◆ **DIRECTIONS FOR THIS TASK**
Give back each line of the material that contains the word "Black".

◆ **GIVEN RECORDS**
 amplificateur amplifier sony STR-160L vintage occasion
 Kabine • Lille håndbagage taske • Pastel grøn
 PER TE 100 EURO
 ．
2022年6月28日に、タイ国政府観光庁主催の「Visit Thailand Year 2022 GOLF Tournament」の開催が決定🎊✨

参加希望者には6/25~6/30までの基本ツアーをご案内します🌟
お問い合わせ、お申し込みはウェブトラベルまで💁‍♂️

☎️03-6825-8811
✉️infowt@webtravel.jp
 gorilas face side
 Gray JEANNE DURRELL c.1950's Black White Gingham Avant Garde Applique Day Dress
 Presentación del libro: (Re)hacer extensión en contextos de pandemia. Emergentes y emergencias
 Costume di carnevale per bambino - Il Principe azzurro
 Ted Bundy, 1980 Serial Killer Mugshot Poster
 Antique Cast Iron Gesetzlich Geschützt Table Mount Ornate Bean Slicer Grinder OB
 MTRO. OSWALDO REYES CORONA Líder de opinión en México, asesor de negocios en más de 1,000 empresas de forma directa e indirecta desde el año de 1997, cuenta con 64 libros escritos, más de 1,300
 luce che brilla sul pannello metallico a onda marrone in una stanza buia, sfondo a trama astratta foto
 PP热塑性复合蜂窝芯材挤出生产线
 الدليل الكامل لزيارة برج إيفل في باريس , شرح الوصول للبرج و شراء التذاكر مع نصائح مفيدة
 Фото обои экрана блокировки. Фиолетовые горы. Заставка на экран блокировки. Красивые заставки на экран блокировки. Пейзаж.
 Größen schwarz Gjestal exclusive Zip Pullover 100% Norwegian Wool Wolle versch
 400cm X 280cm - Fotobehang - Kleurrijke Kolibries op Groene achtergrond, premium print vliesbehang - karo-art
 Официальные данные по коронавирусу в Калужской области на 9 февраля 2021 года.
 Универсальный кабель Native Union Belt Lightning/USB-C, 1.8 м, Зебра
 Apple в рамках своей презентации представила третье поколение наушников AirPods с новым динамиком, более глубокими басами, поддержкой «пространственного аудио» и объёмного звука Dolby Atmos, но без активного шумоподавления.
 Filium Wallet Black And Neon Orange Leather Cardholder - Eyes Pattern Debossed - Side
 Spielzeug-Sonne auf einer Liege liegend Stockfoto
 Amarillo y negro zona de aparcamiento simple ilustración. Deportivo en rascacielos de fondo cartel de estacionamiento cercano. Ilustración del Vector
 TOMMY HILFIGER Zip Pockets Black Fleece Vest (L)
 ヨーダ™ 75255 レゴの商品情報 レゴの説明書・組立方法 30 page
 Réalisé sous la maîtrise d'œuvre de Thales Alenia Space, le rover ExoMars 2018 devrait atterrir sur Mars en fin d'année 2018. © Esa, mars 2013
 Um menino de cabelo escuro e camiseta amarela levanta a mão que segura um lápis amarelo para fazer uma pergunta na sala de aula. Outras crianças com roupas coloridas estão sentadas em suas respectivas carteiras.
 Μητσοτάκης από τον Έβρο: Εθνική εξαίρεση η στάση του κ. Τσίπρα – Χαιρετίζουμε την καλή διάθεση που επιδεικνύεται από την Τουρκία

◆ **PROBLEM SOLUTION**
 Gray JEANNE DURRELL c.1950's Black White Gingham Avant Garde Applique Day Dress
 Filium Wallet Black And Neon Orange Leather Cardholder - Eyes Pattern Debossed - Side
 TOMMY HILFIGER Zip Pockets Black Fleece Vest (L)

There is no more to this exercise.